After the startling revision in U.S. oil demand in May, the EIA estimated an inventory draw of 17 million barrels for the final week of July, which compared with a modest decline of 700,000 barrels for the previous week.
The API on Tuesday reported that oil inventories in the U.S. had declined by 15.4 million barrels, which was the largest draw in years and immediately pushed oil prices even higher.
According to the EIA, on the other hand, at 439.8 million barrels crude oil inventories are 1% below the five-year average for this time of the year.
In gasoline, the authority estimated an inventory build of 1.5 million barrels for the last week of July, with production averaging 9.8 million barrels daily.
These figures compared with a stock decline of 800,000 barrels for the previous week and a production rate of 9.5 million barrels daily.
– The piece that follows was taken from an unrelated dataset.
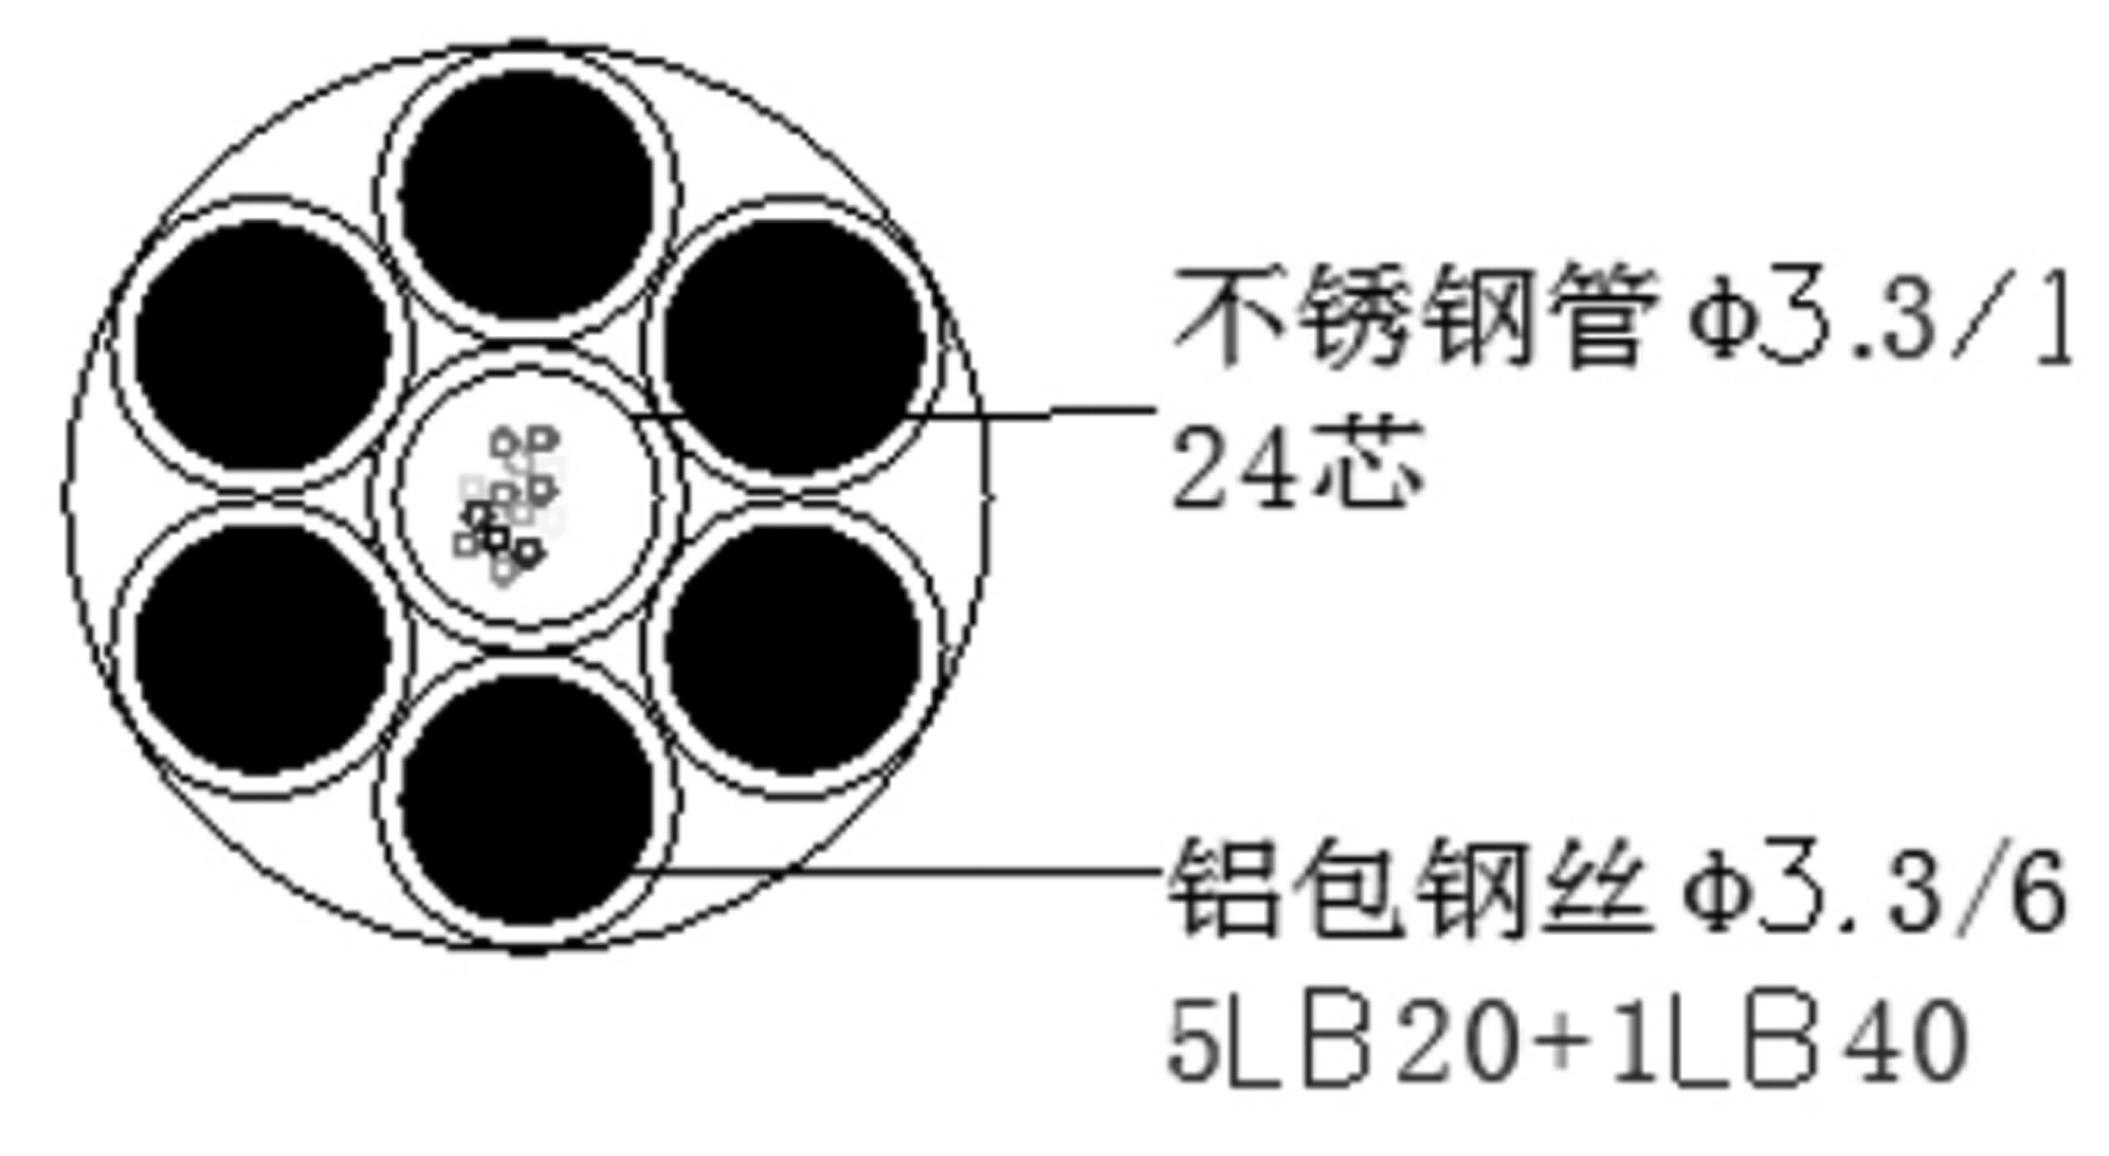 复空架图1.png

In middle distillates, the EIA reported an inventory decline of 800,000 barrels for the week to July 28, with production averaging 4.9 million bpd.
This compared with an inventory draw of 200,000 barrels for the previous week and a production rate of 4.8 million barrels daily.
Meanwhile, West Texas Intermediate topped $82 per barrel earlier this week and Brent crude jumped above $85 per barrel as demand forecasts suggested a sizeable supply deficit for the second half of the year. Production remains constrained by OPEC+ cuts and outages.
As a result, the U.S. Department of Energy just pulled back an offer to buy 6 million barrels of crude for the strategic petroleum reserve. The offer was made in early July, when WTI was trading below $72.